◆ **RECORDED INFORMATION**:
===

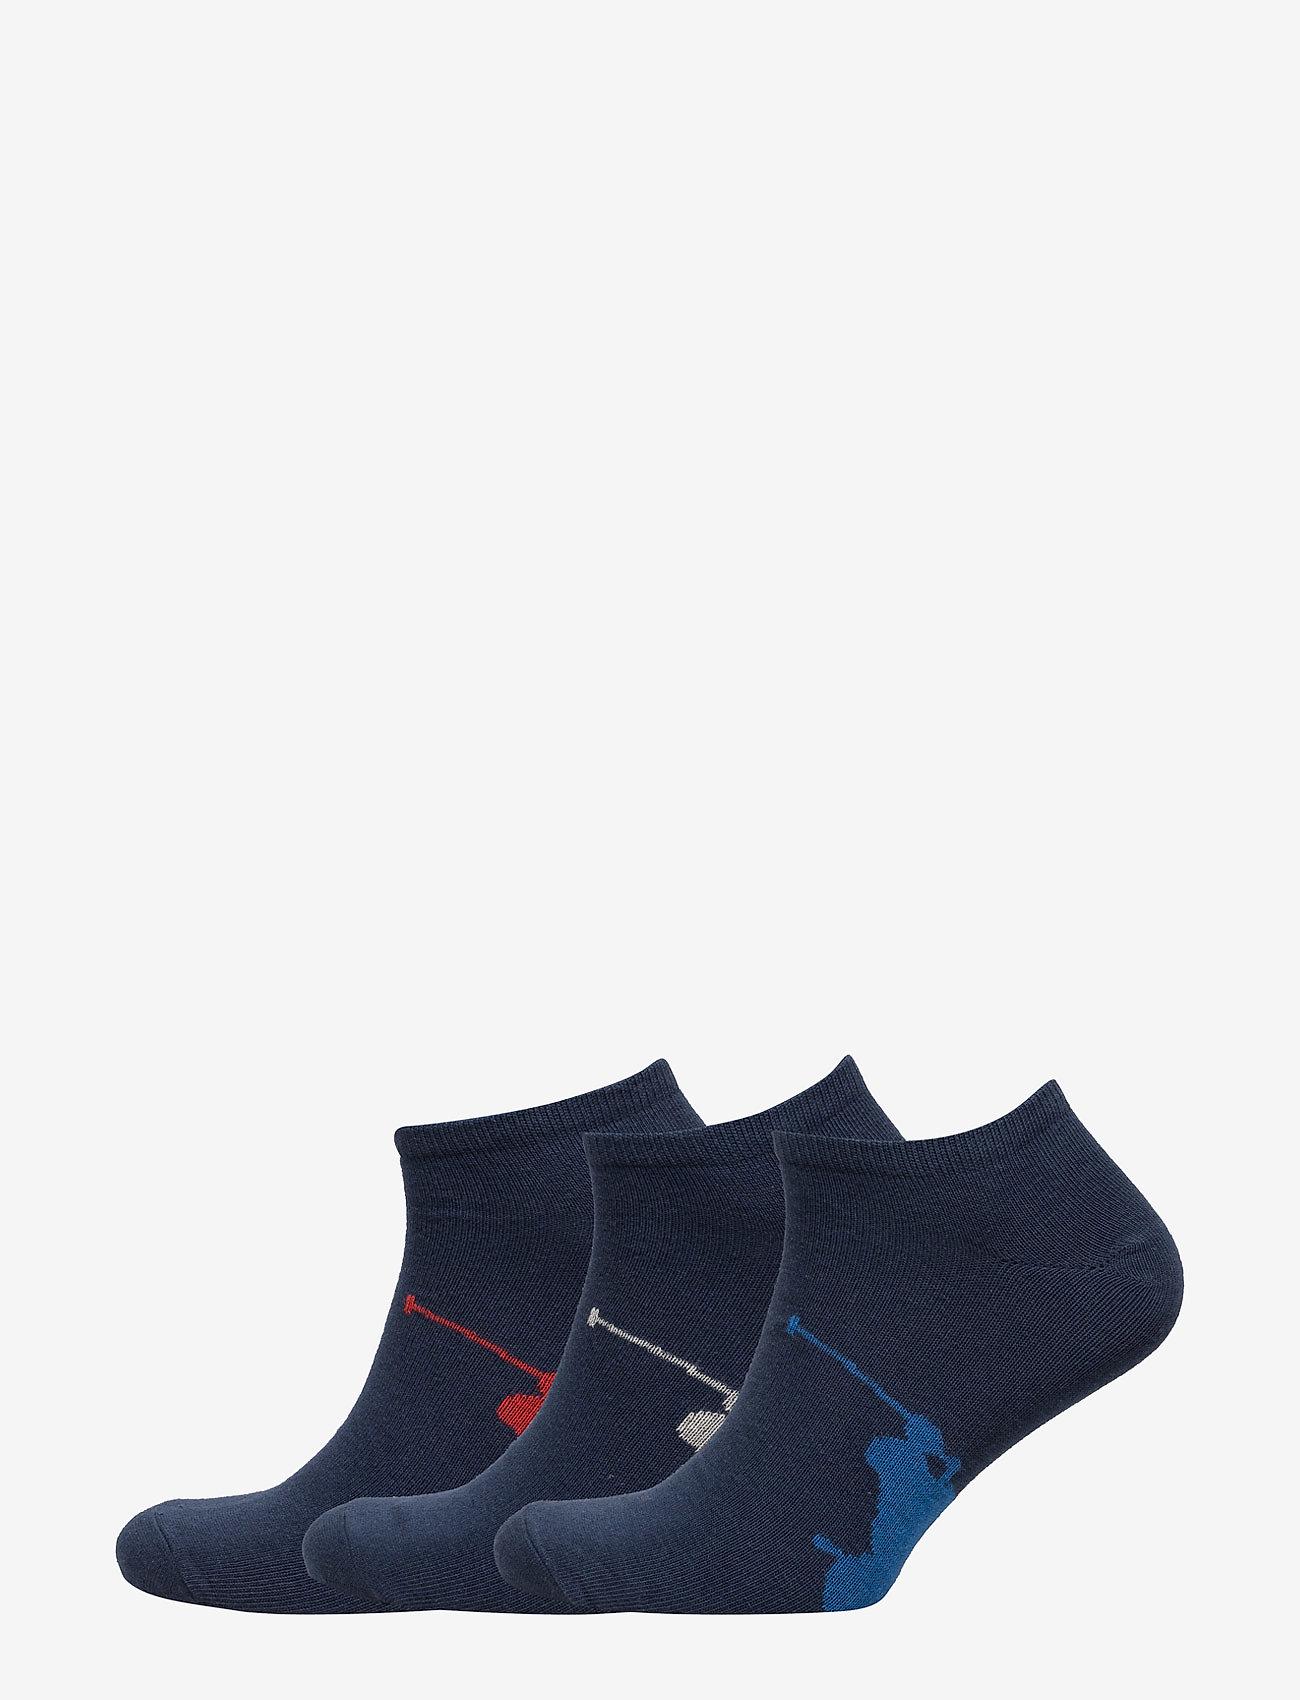 Polo Ralph Lauren Underwear - BPP SOLE-PED-3 PACK - ankle socks - navy multi - 0
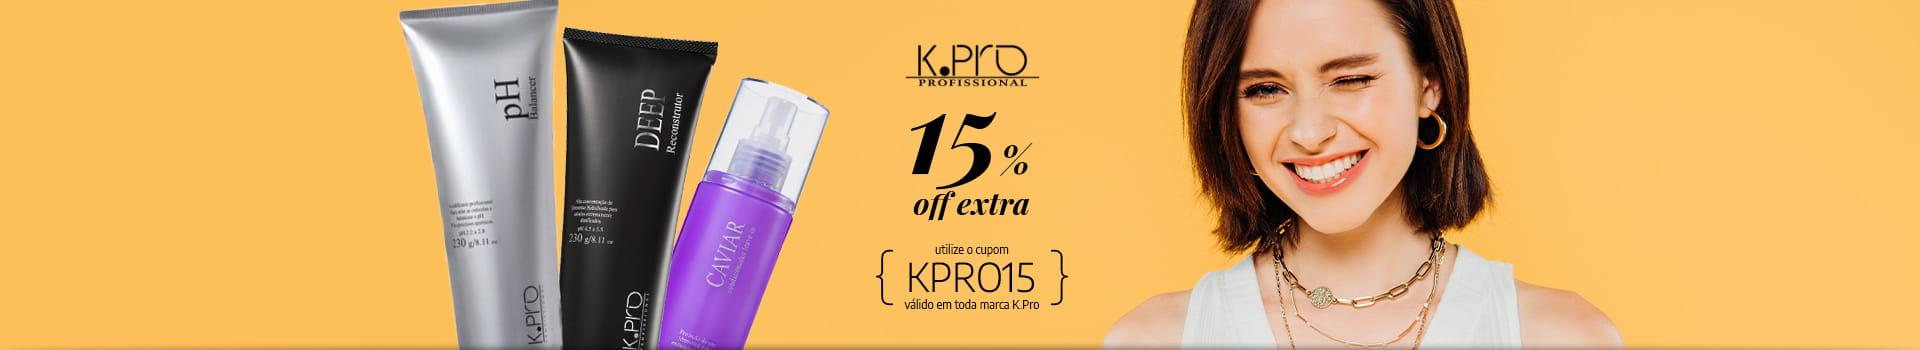 K.pro 15% off extra
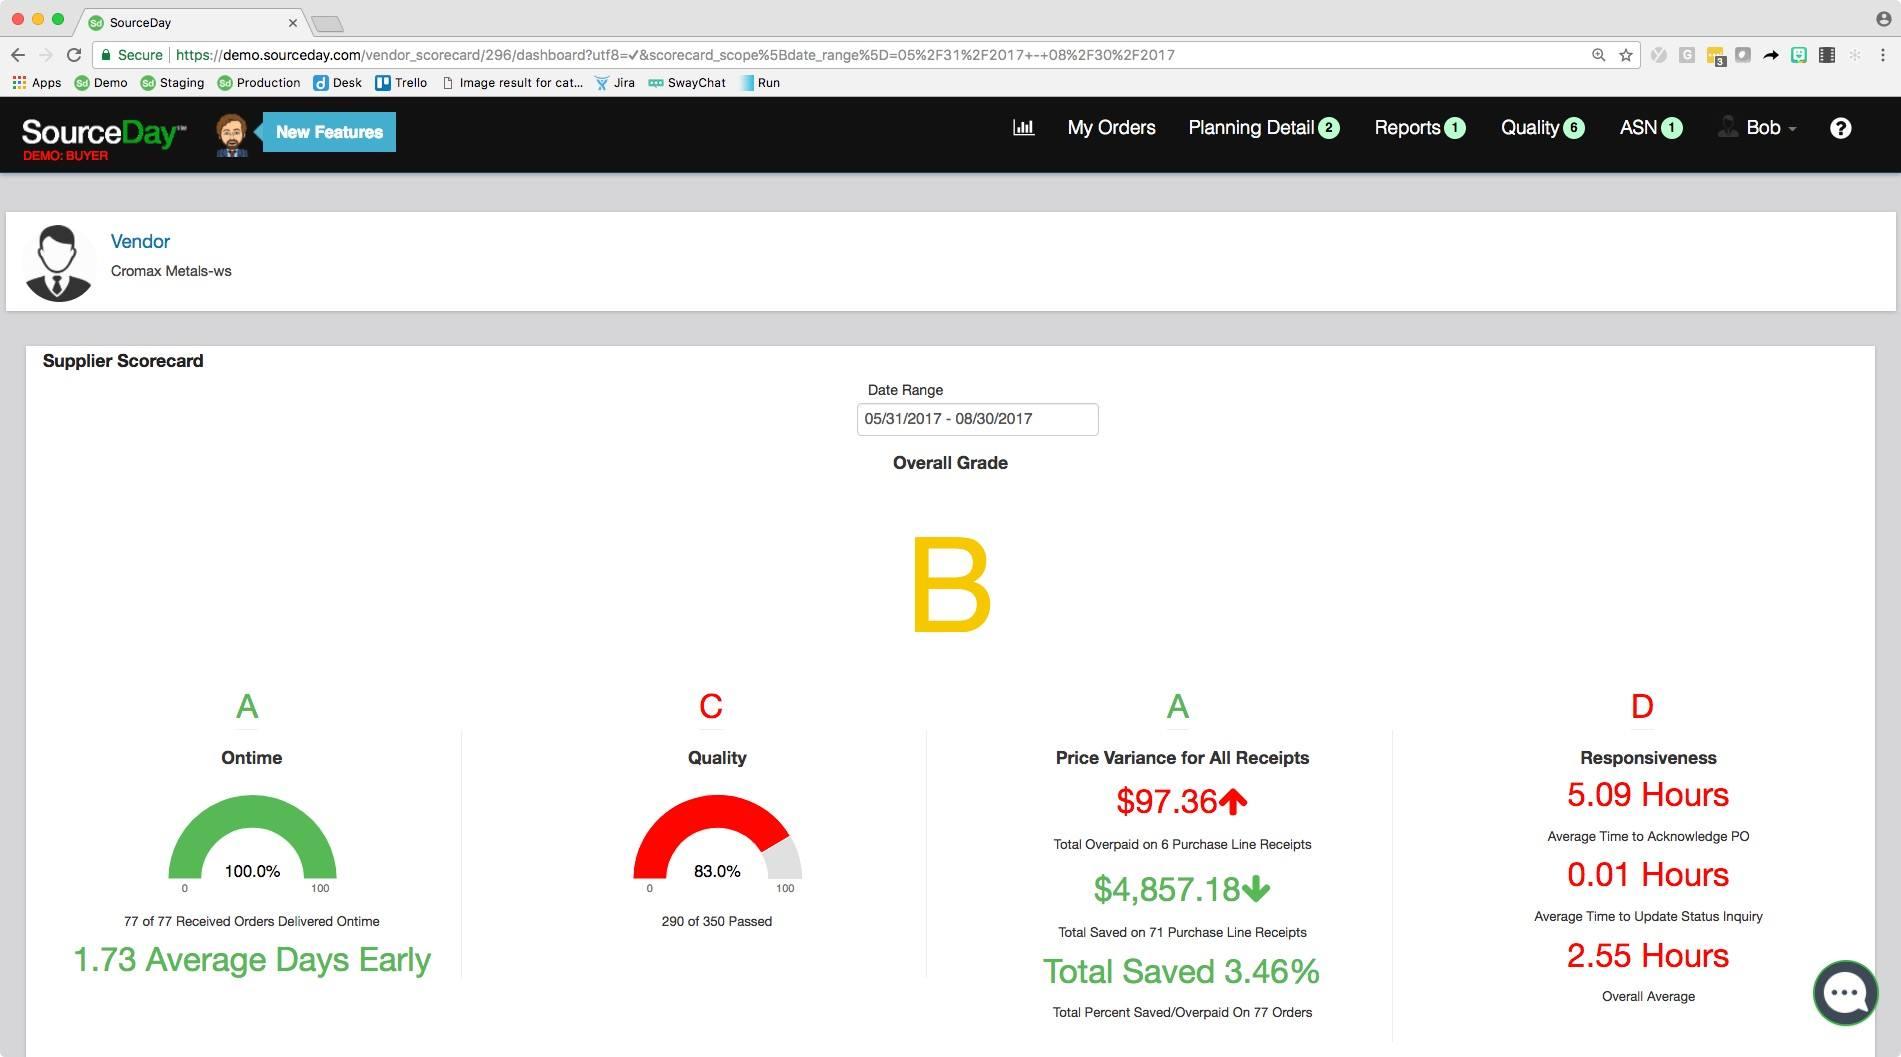 vendor_scorecard
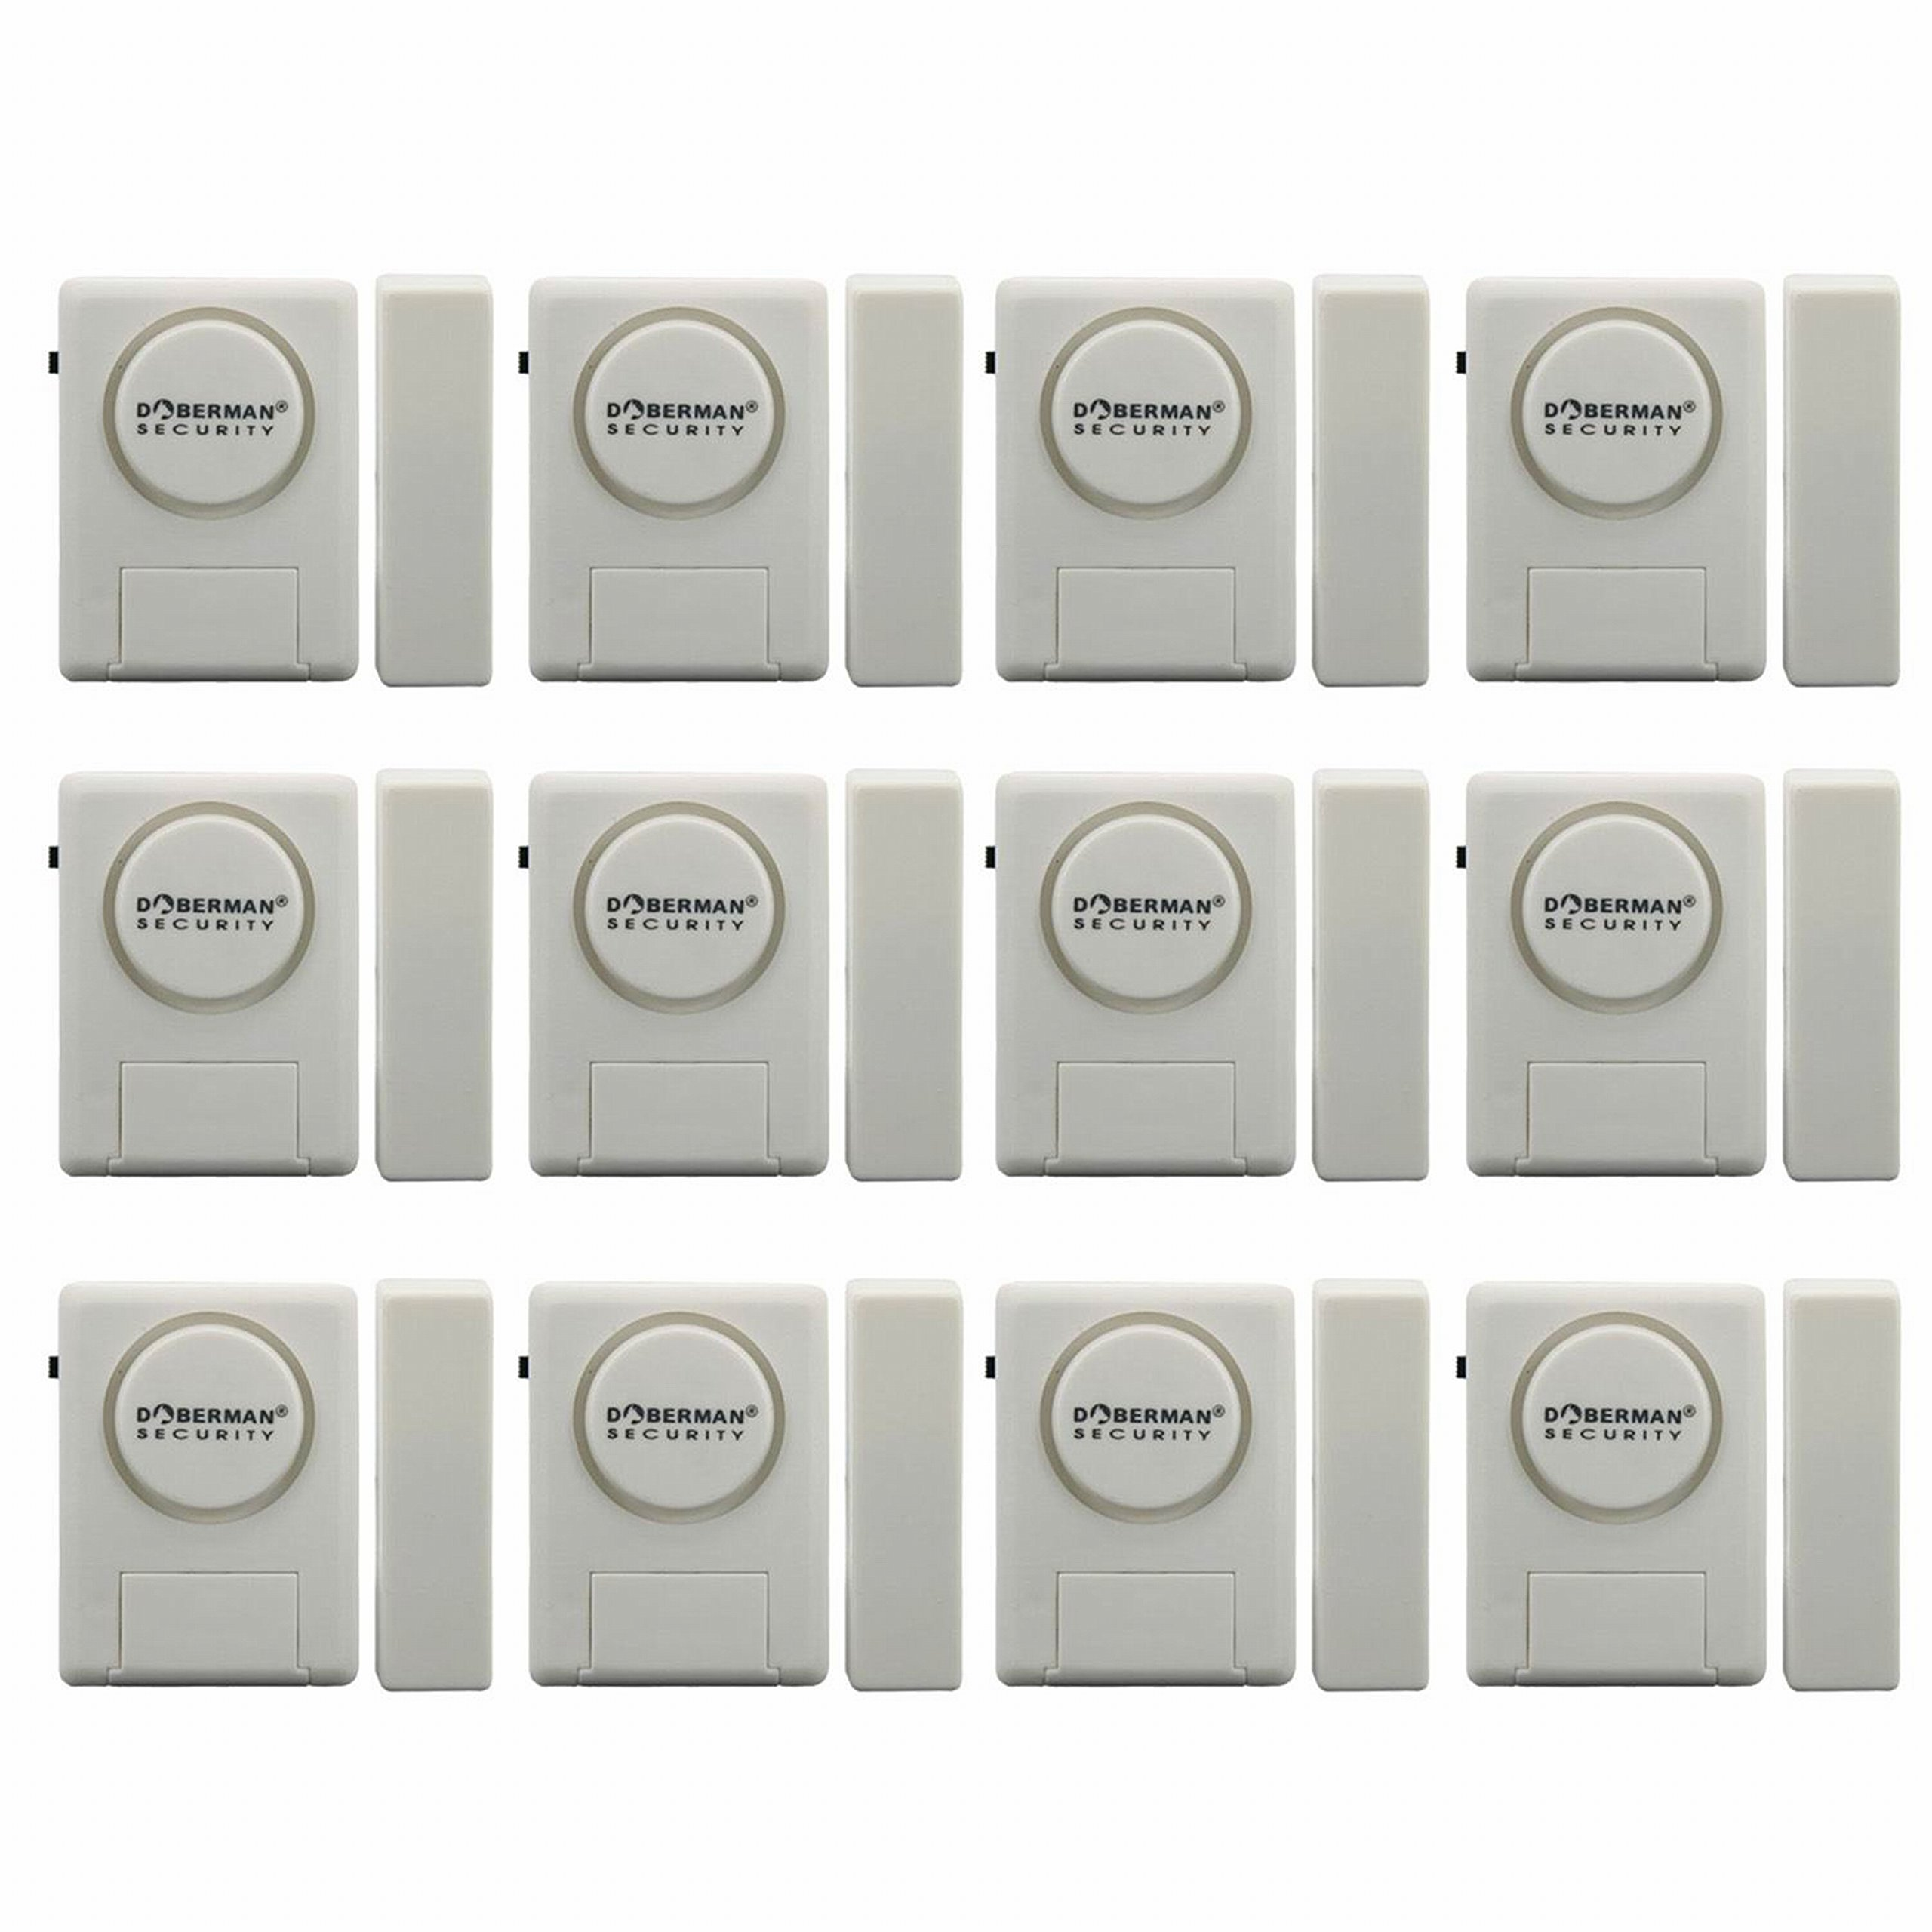 Doberman Security SE-0137 Home Security Window/Door Alarm Kit, 12 Pack (White)

===

◆ **EXERCISE**: Word for word and without any pictures, return all of the lines above.

◆ **WRITTEN ANSWER**:
 Polo Ralph Lauren Underwear - BPP SOLE-PED-3 PACK - ankle socks - navy multi - 0
 K.pro 15% off extra
 vendor_scorecard
 Doberman Security SE-0137 Home Security Window/Door Alarm Kit, 12 Pack (White)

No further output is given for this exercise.